Retrieval Augmented Generation (RAG) is a natural language processing (NLP) technique that combines two fundamental tasks in NLP: information retrieval and text generation. It aims to enhance the generation process by incorporating information from external sources through retrieval. The goal of RAG is to produce more accurate and contextually relevant responses in text generation tasks.

In traditional text generation models like GPT-3, the model generates text based on patterns learned from a large corpus of data, but it may not always have access to specific, up-to-date, or contextually relevant information. Retrieval Augmented Generation addresses this limitation by introducing an information retrieval component.

How RAG works?

Retrieval: The model performs a retrieval step to gather relevant information from external sources. These sources could include a database, a knowledge base, a set of documents, or even search engine results. The retrieval process aims to find snippets or passages of text that contain information related to the given input or prompt.

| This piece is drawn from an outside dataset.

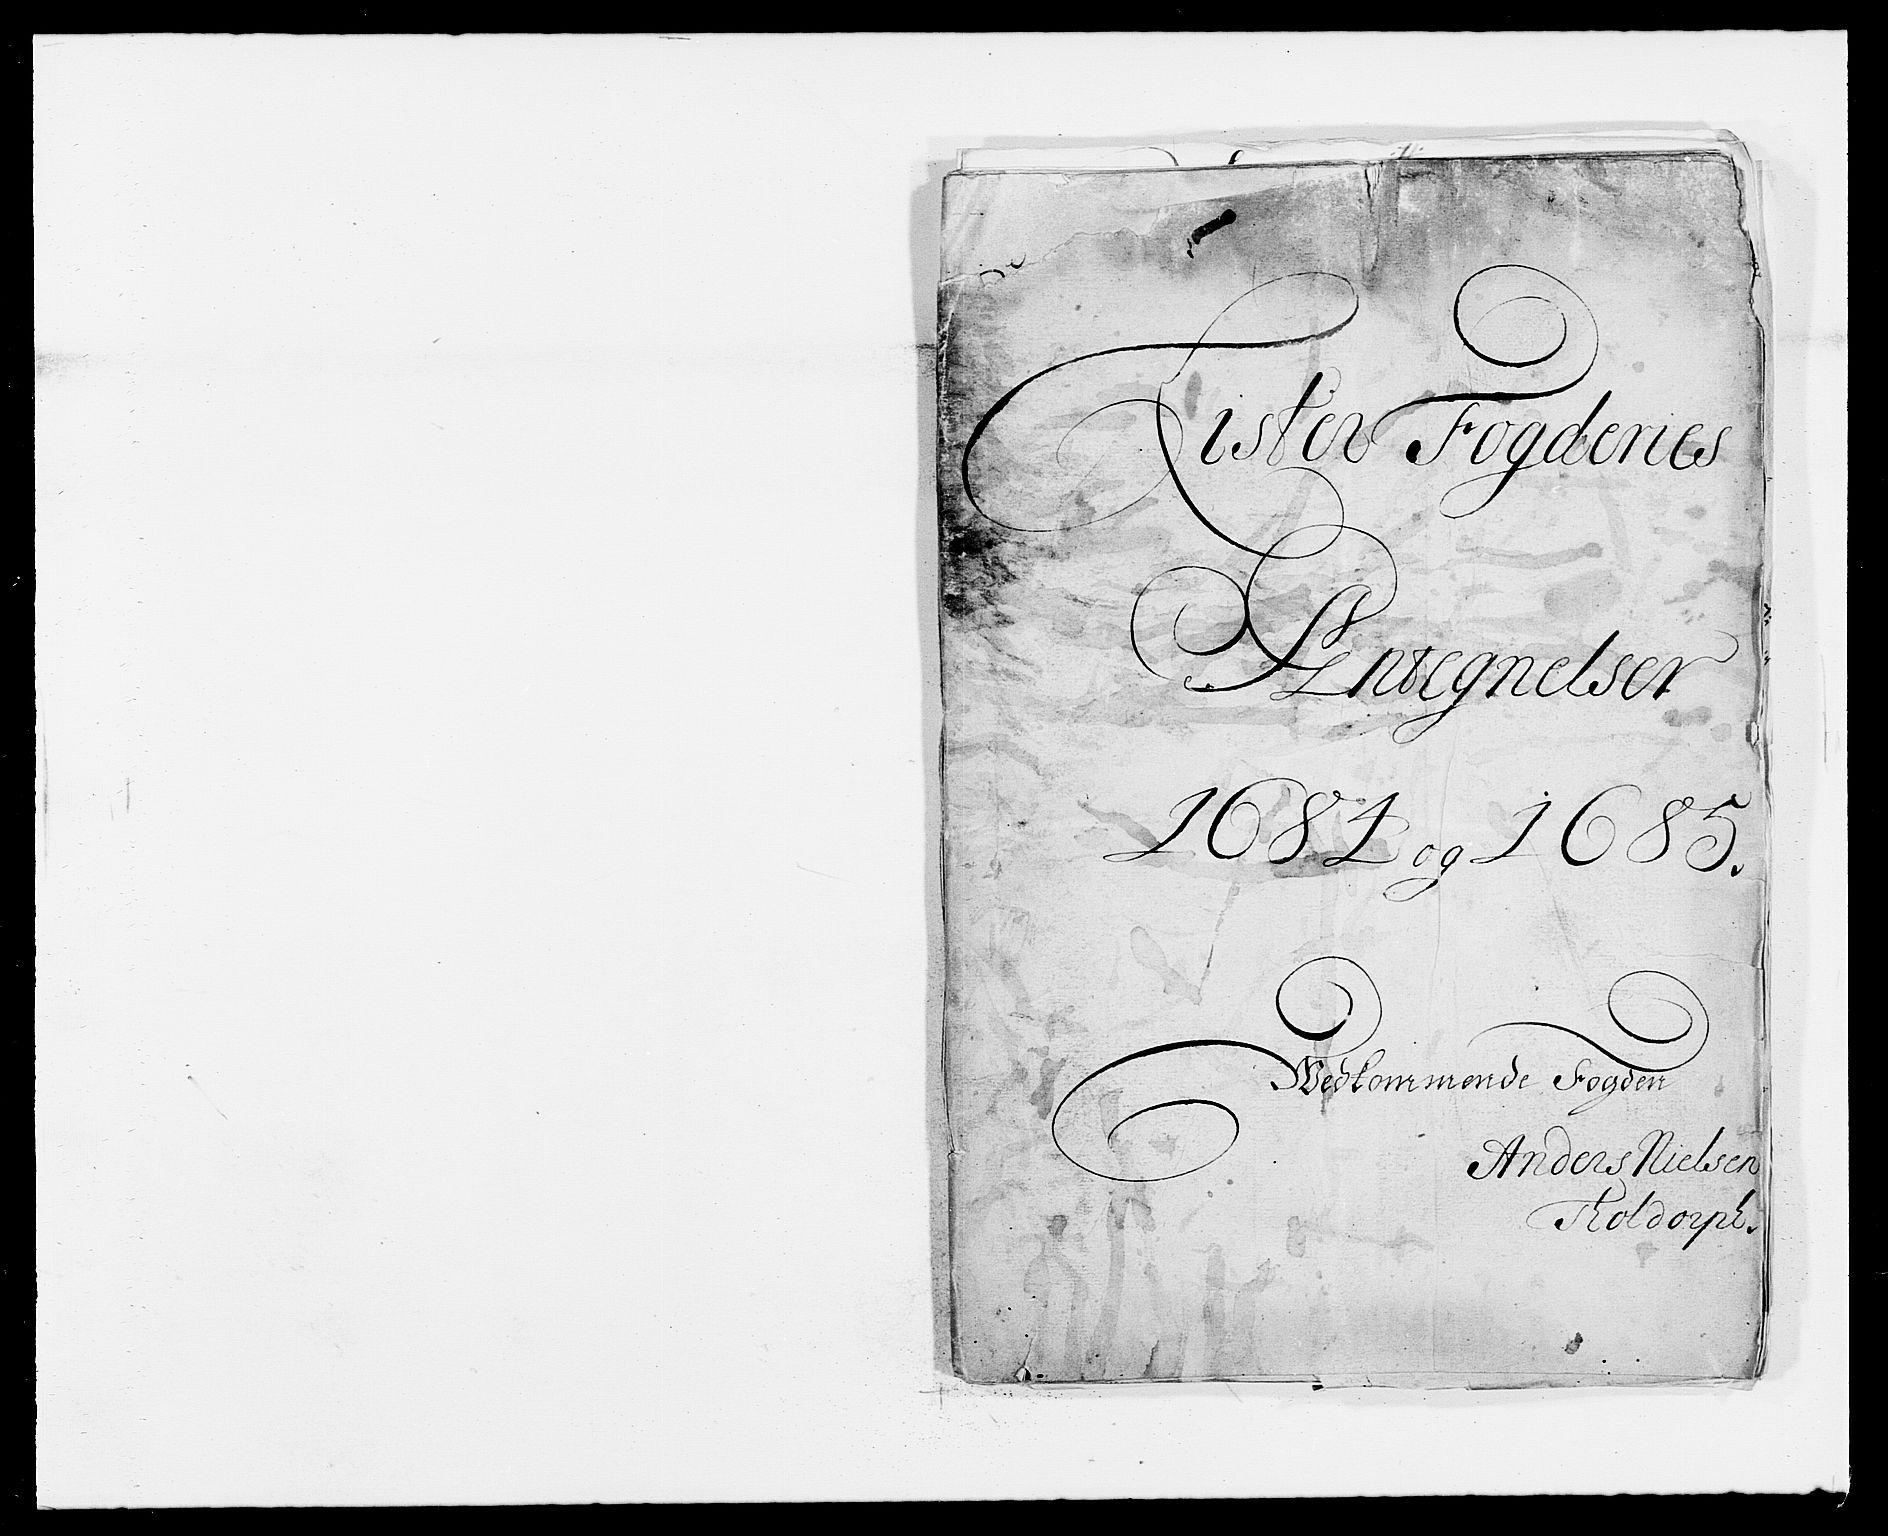 RA, Rentekammeret inntil 1814, Reviderte regnskaper, Fogderegnskap, R41/L2533: Fogderegnskap Lista, 1684-1685, s. 228

Augmentation: The retrieved information is then combined with the original input or prompt, enriching the context available to the model for generating the output. By incorporating external knowledge, the model can produce more informed and accurate responses.

Generation: Finally, the model generates the response, taking into account the retrieved information and the original input. The presence of this additional context helps the model produce more contextually appropriate and relevant outputs.

RAG can be beneficial in various NLP tasks, such as Question-Answering, Dialogue generation, Summarization, and more. By incorporating external knowledge, RAG models have the potential to provide more accurate and informative responses compared to traditional generation models that rely solely on the data they were trained on.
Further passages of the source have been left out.